Nowadays, the Islamic, SRI and Green investments represent one of the drivers in the

‘modern’ ways of investing. The investors’ social and ecological awareness has risen and consequently translated into increased amount of assets invested in the Green and the SRI

financial products. As a consequence, Green and SRI mutual equity funds grew significantly.

Similarly, in the past two decades, the Islamic mutual equity funds grew considerably as

Shariah scholars started to accept equity investments. Moreover, they have been increasingly

incorporated into global financial markets, as they offer innovative financial products and

opportunity for investors to diversify their portfolios, thus potentially offsetting their risk.

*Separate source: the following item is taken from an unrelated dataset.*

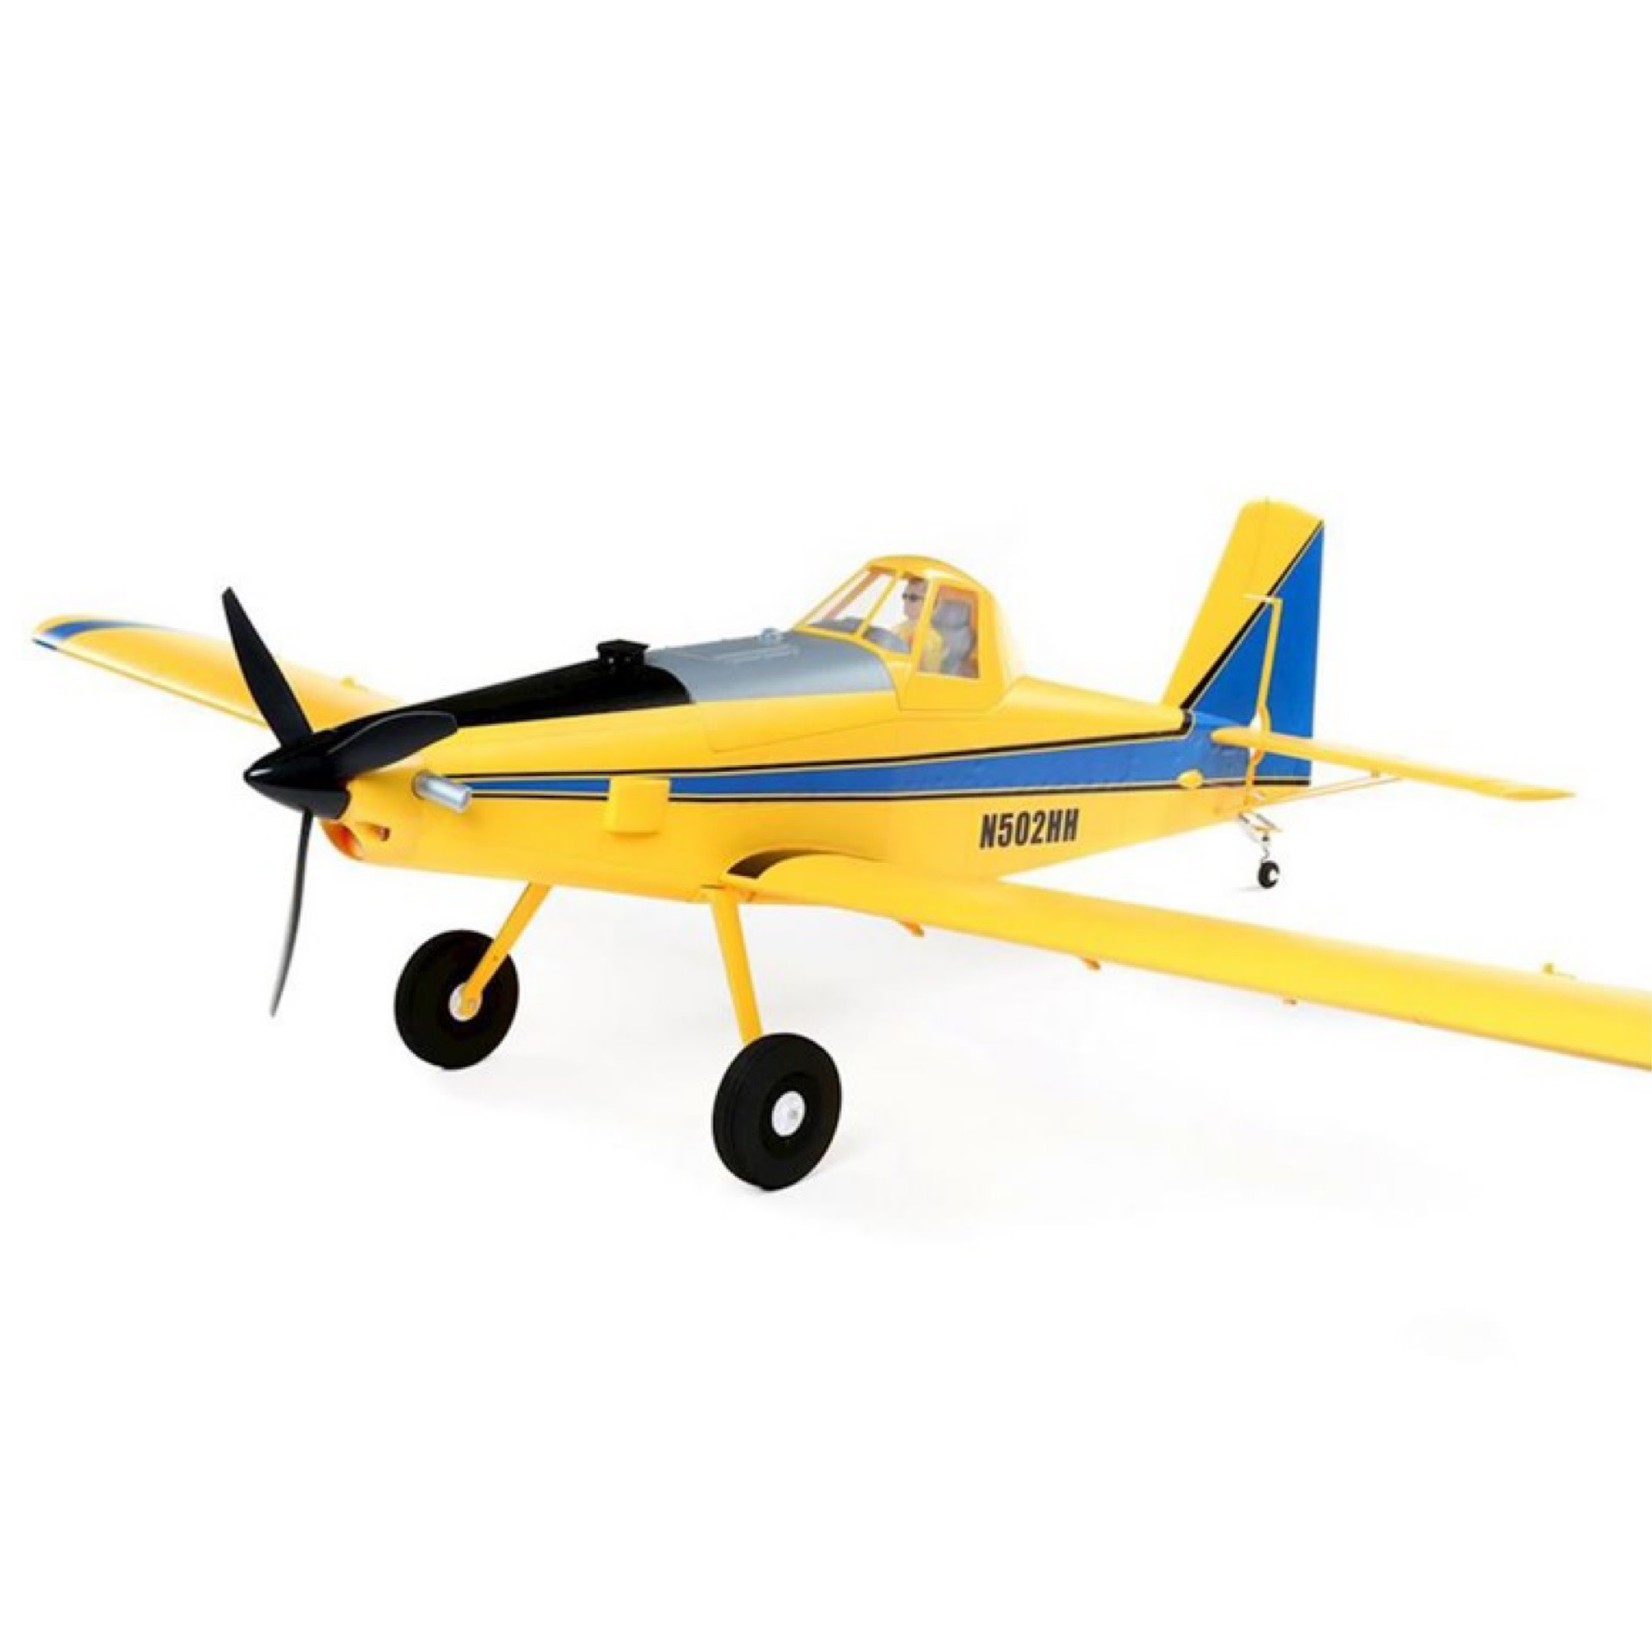 E-flite E-flite Air Tractor 1.5m BNF Electric Airplane (1555mm) w/AS3X & SAFE Select #EFL16450

The Islamic, SRI and Green mutual equity fund managers use screening when choosing which

stocks to include into their portfolios. Since they all funds have nature of ethical investment, it

makes interesting to study and compare their performance. The objective of this is to examine

and compare performance of the Islamic, SRI and Green mutual equity funds in the period

from 1st January 2001 to 31st December 2015. Moreover, the additional objective is to

observe whether the performance differs if the period of the major financial crises, i.e.

dot.com bubble in 2001 and financial crisis 2007-2008 is excluded from the observation

period. This thesis contributes to other financial literature by being the first study, up to the

author’s knowledge, as it compares and considers the performance of all three types of funds together.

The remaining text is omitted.